▸ Input records
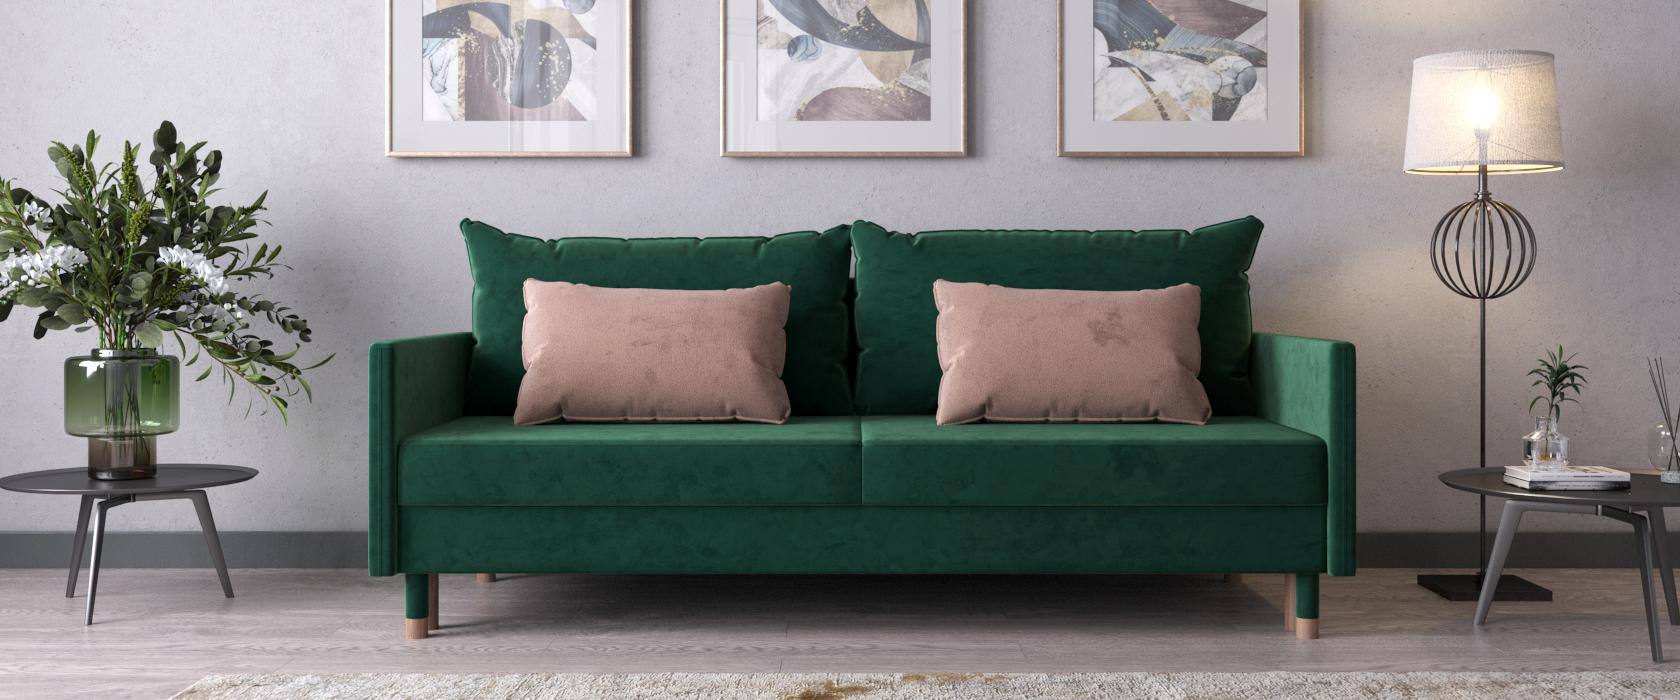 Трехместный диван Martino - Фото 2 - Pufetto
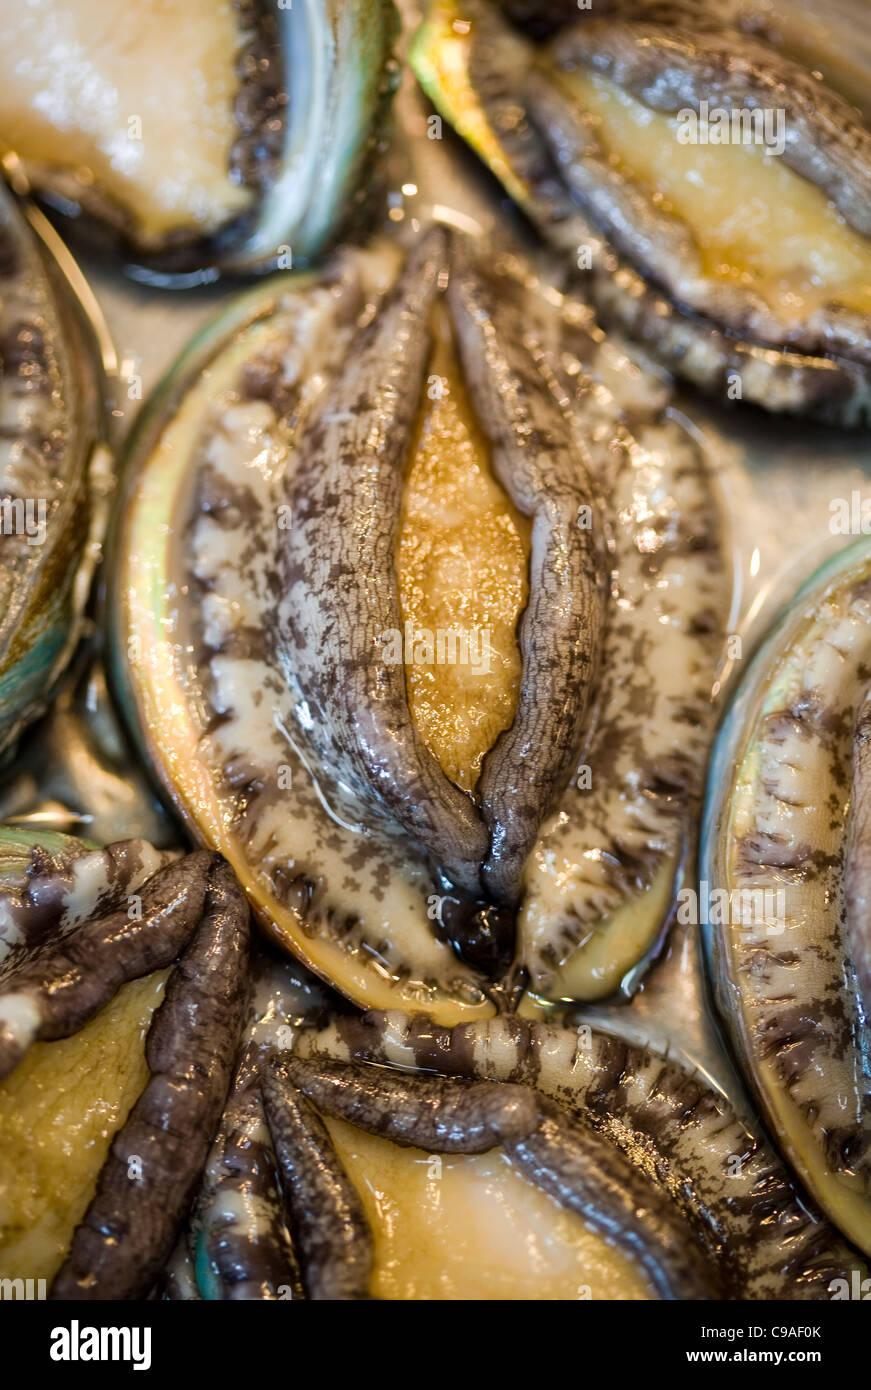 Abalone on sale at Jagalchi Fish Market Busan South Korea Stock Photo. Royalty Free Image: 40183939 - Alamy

==

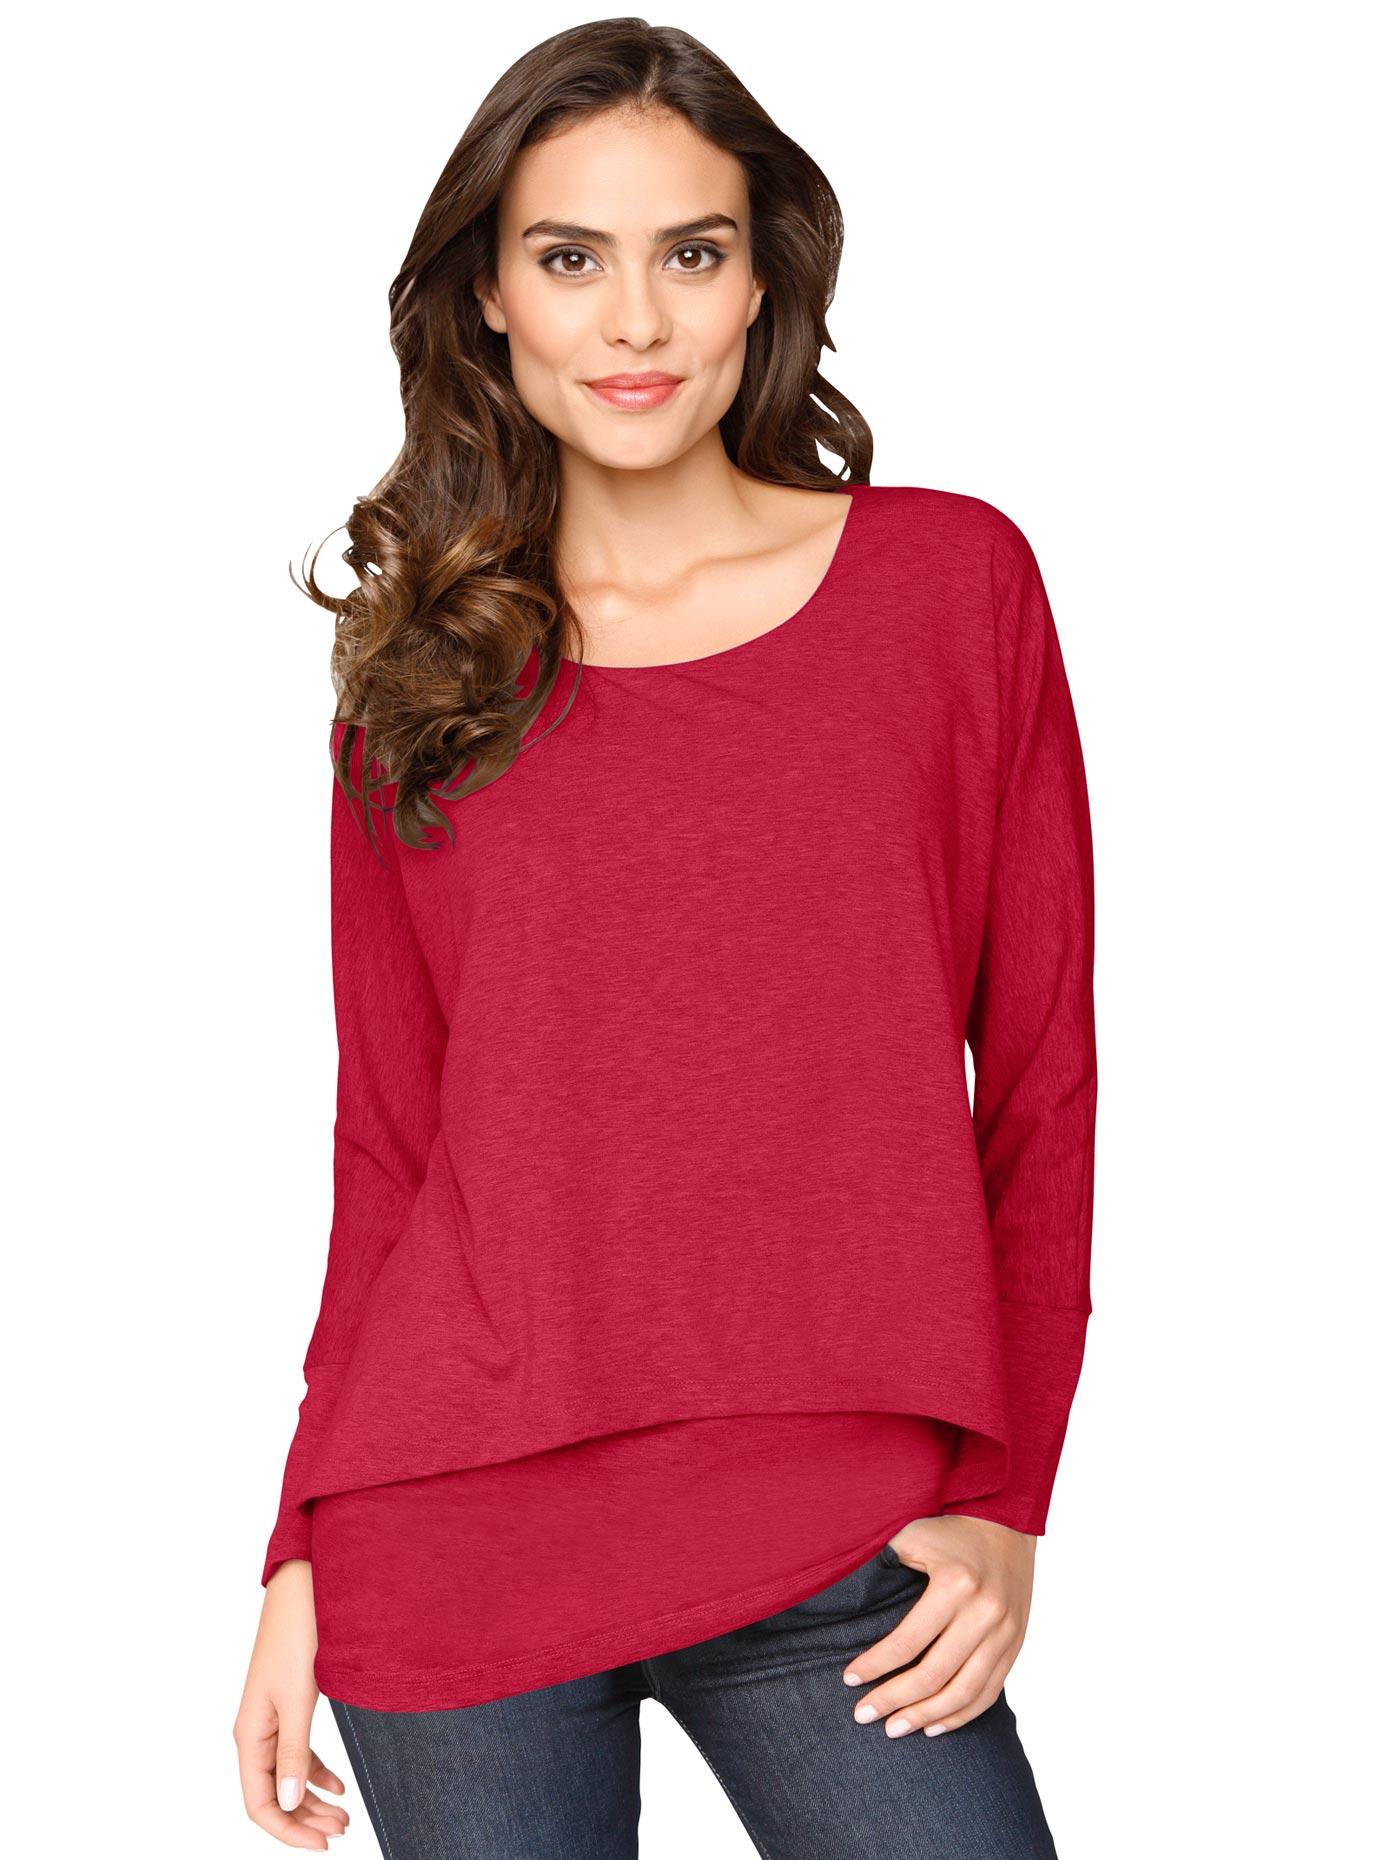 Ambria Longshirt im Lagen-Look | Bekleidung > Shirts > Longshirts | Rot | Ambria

▸ Task prompt
Starting with the line that has "Трехместный диван Martino - Фото 2 - Pufetto" and going on through the line that has "Abalone on sale", transcribe the records above exactly, but skip the pictures.

▸ Reply to the exercise
 Трехместный диван Martino - Фото 2 - Pufetto
 Abalone on sale at Jagalchi Fish Market Busan South Korea Stock Photo. Royalty Free Image: 40183939 - Alamy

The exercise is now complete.